WHAT IS REQUIRED
As you work through the listing below, copy each line exactly and drop the images.

GIVEN DATA
--

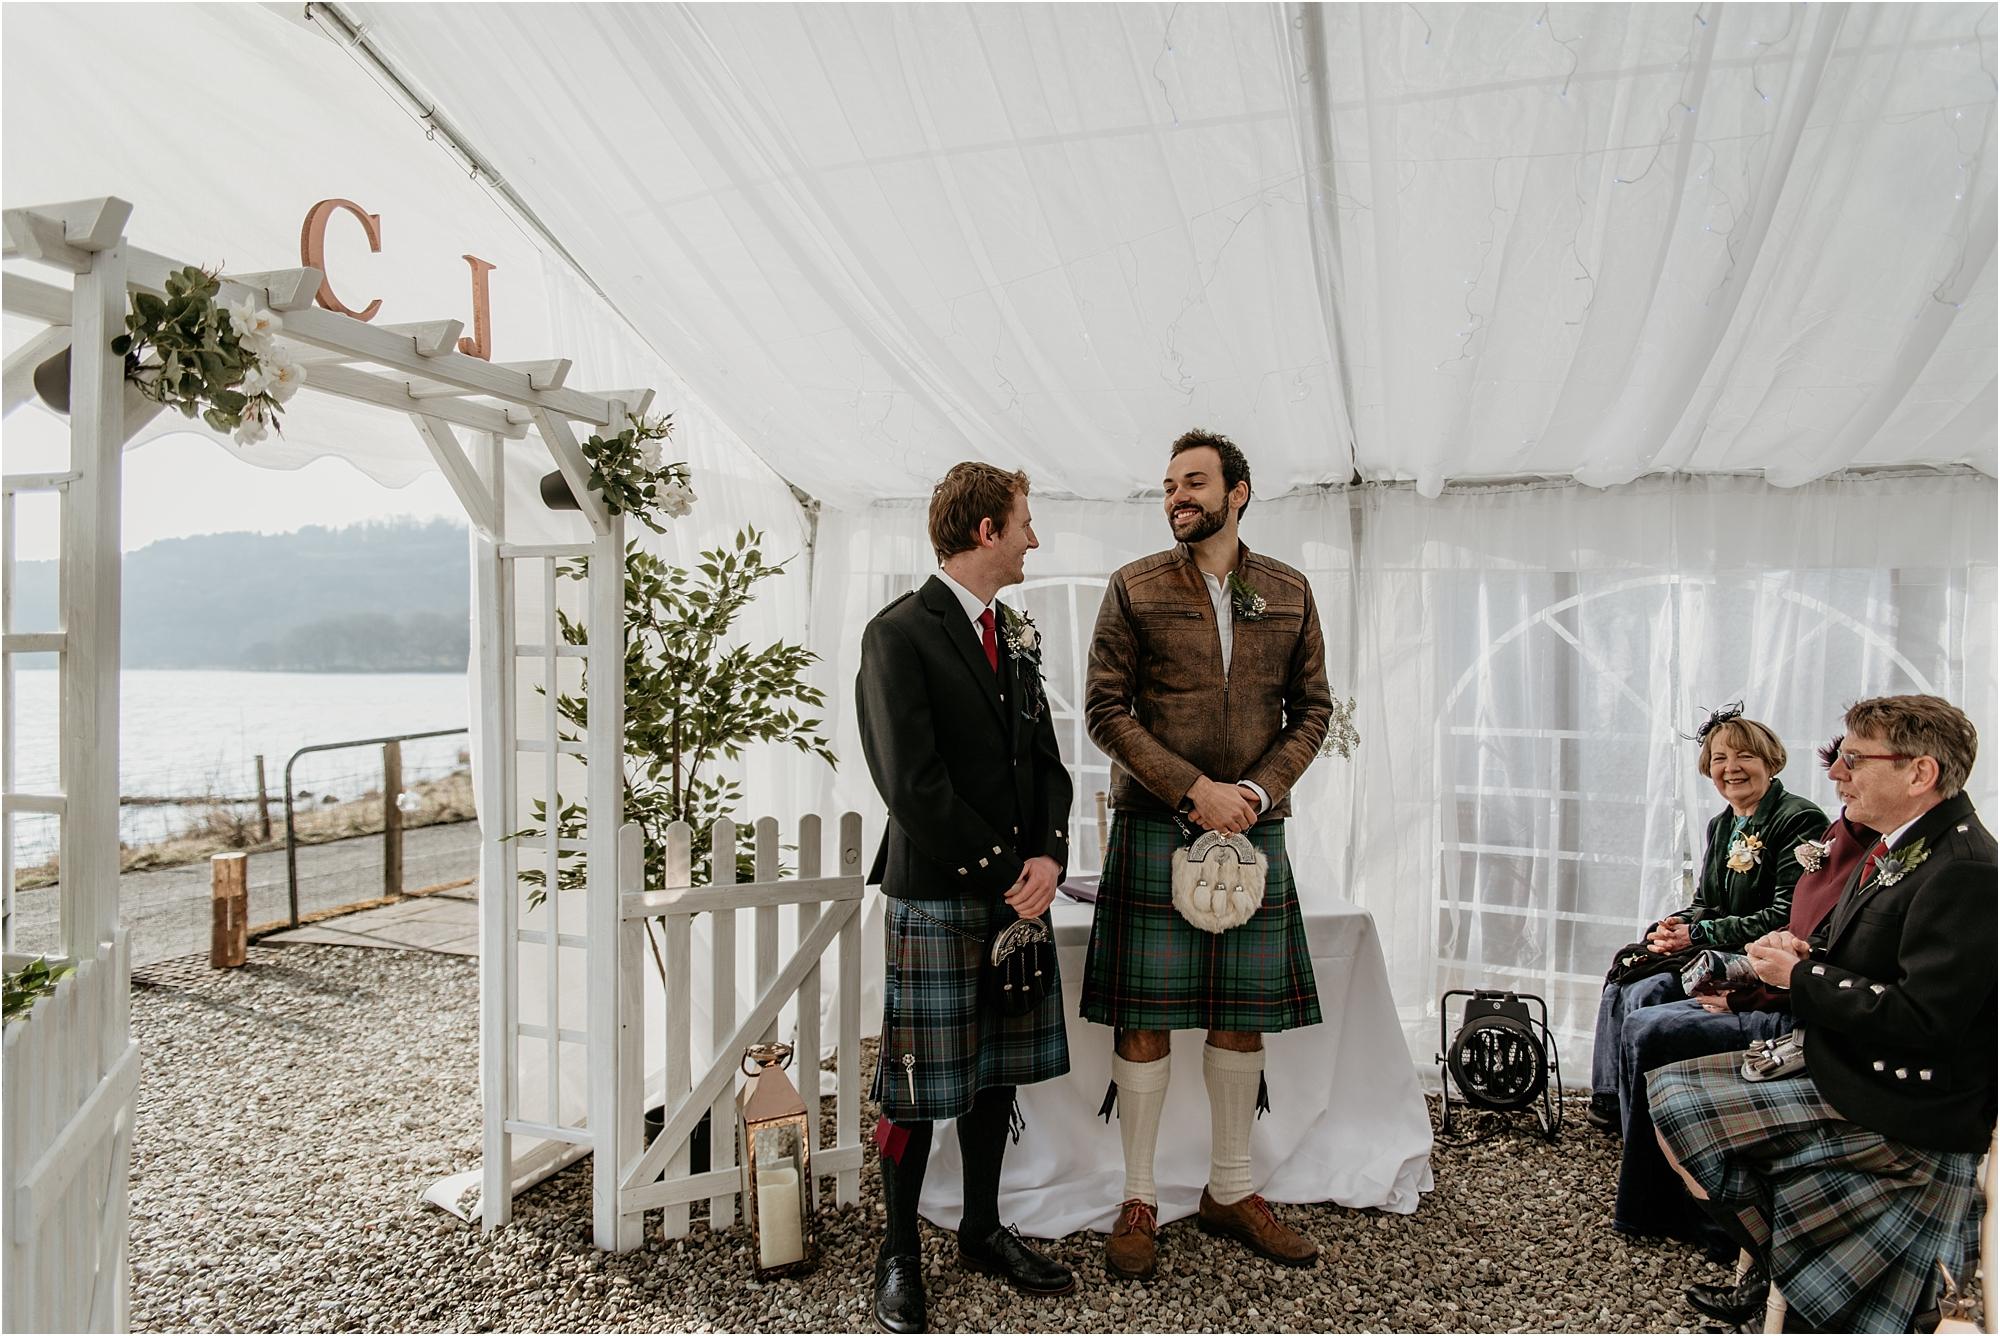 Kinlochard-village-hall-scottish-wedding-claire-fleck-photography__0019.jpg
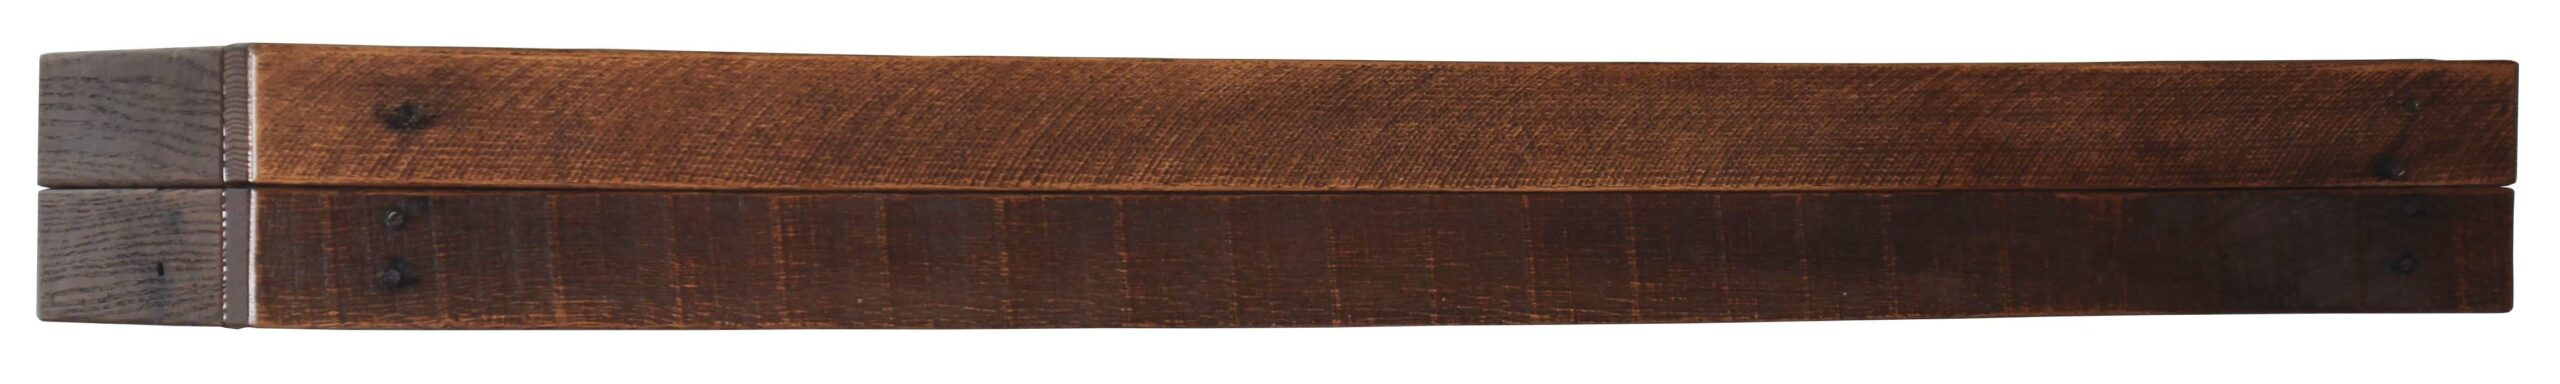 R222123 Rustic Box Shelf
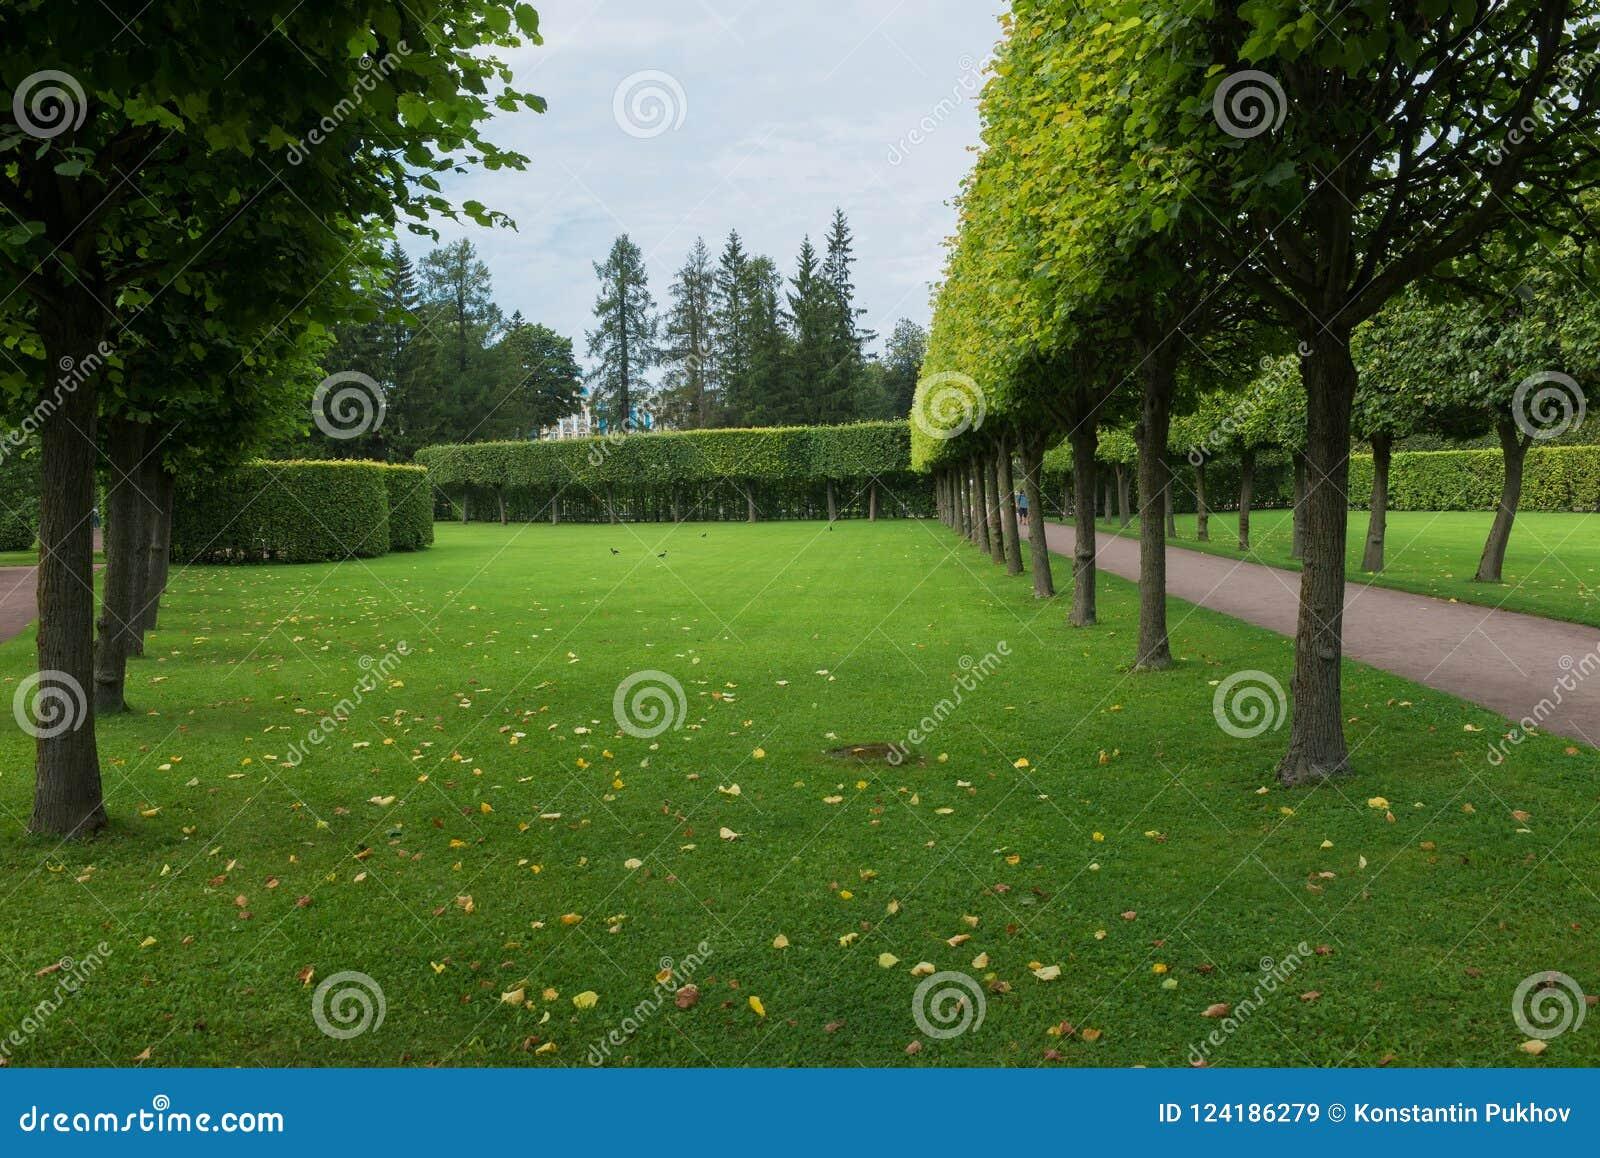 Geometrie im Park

--

EXERCISE OUTPUT
 Kinlochard-village-hall-scottish-wedding-claire-fleck-photography__0019.jpg
 R222123 Rustic Box Shelf
 Geometrie im Park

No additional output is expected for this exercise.